*Anita Baker is asking fans to stop buying and streaming her music while she fights to reclaim ownership of her masters.
She wrote on Twitter that she has “outlived” all of her record contracts, and noted that a U.S. copyright law (Section 203) states that record labels are required “by law” to return the master recordings to artists after 30 years.
“They no longer ‘Own’ My Name & Likeness,” Baker tweeted. “And, by Law…30 yr old, Mstrs are 2B Returned, 2 Me.”
According to Section 203 of the Copyright Act, 35 years after an author/artist signs away the rights to a copyrighted work, they can file a request to legally take back ownership of it.
This, right HERE?&#!$
OWNership, allows you to Participate/Negotiate in Many Revenue Streams;
Based on *Dollars per Unit* https://t.co/LElZaDUfzW
— Anita Baker (@IAMANITABAKER) March 16, 2021
Here’s more from VICE:
Unfortunately for Baker, most of her music hasn’t been out long enough for her to use Section 203 to reclaim it. Six of her seven albums came out less than 35 years ago.
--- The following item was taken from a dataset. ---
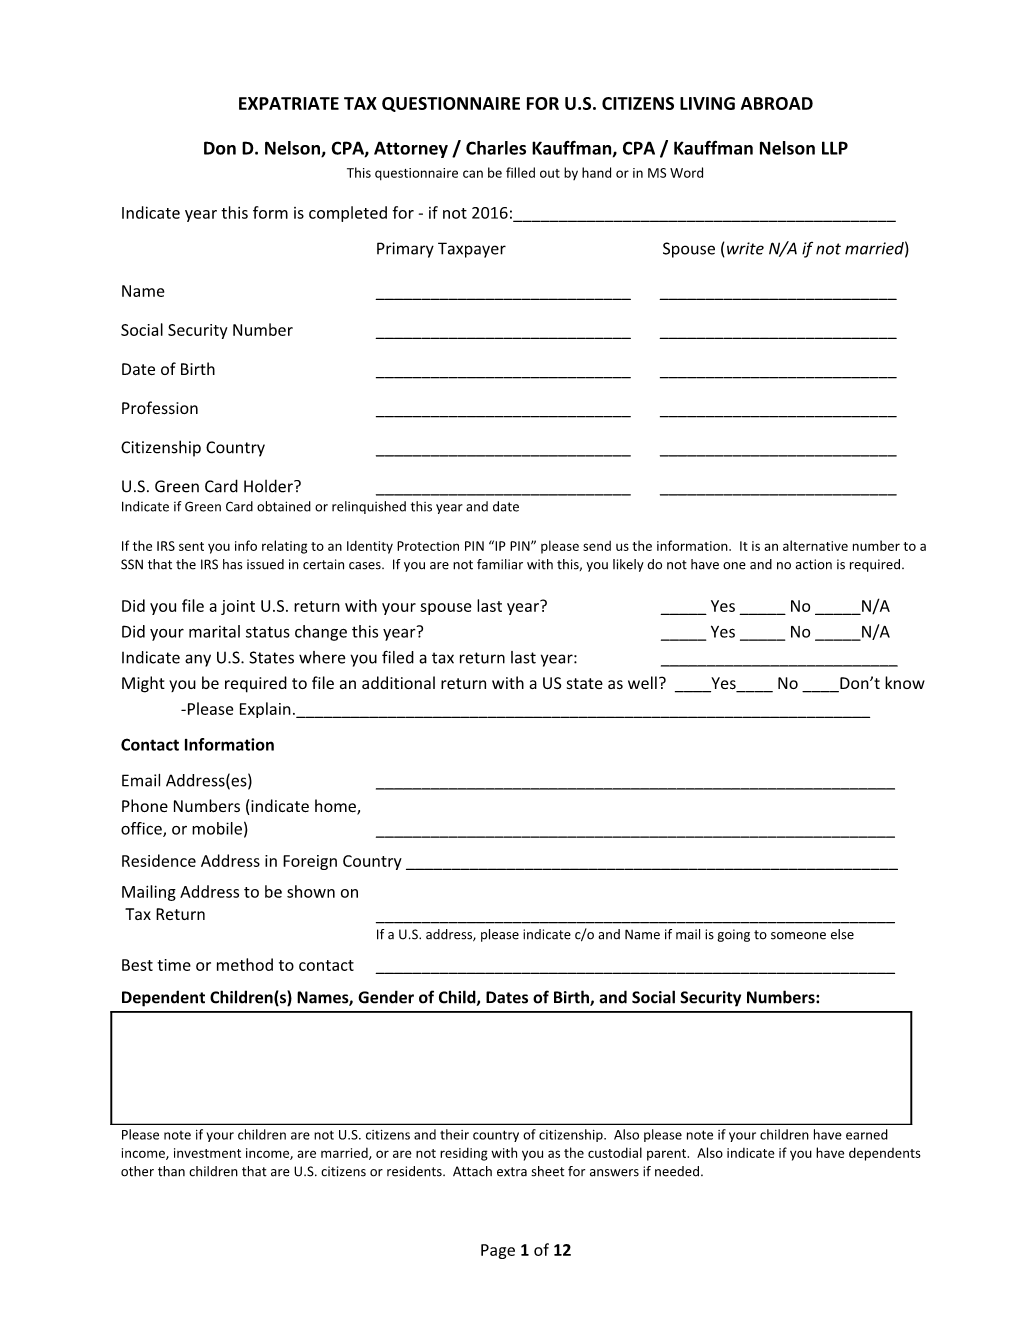 Expatriate Tax Questionnaire for U.S. Citizens Living Abroad

That said, Baker’s first album, The Songstress, came out 37 years ago; she should be able file a claim for the master rights to it right now. And she should be able to do the same with her second album, Rapture, once it turns 35 next year.
Even still, Section 203 contains an exception that could make things difficult for her. It doesn’t apply to music created under “work-for-hire” contracts, which were ubiquitous back when Baker signed record deals with Beverly Glen (which released The Songstress) and Elektra (which released Rapture) in the 1980s. These contracts essentially state that artists are de-facto employees of a label, whose music becomes company property the second it’s recorded.
Baker’s request that Warner Music Group hand over her master recordings could turn out to be a long messy battle.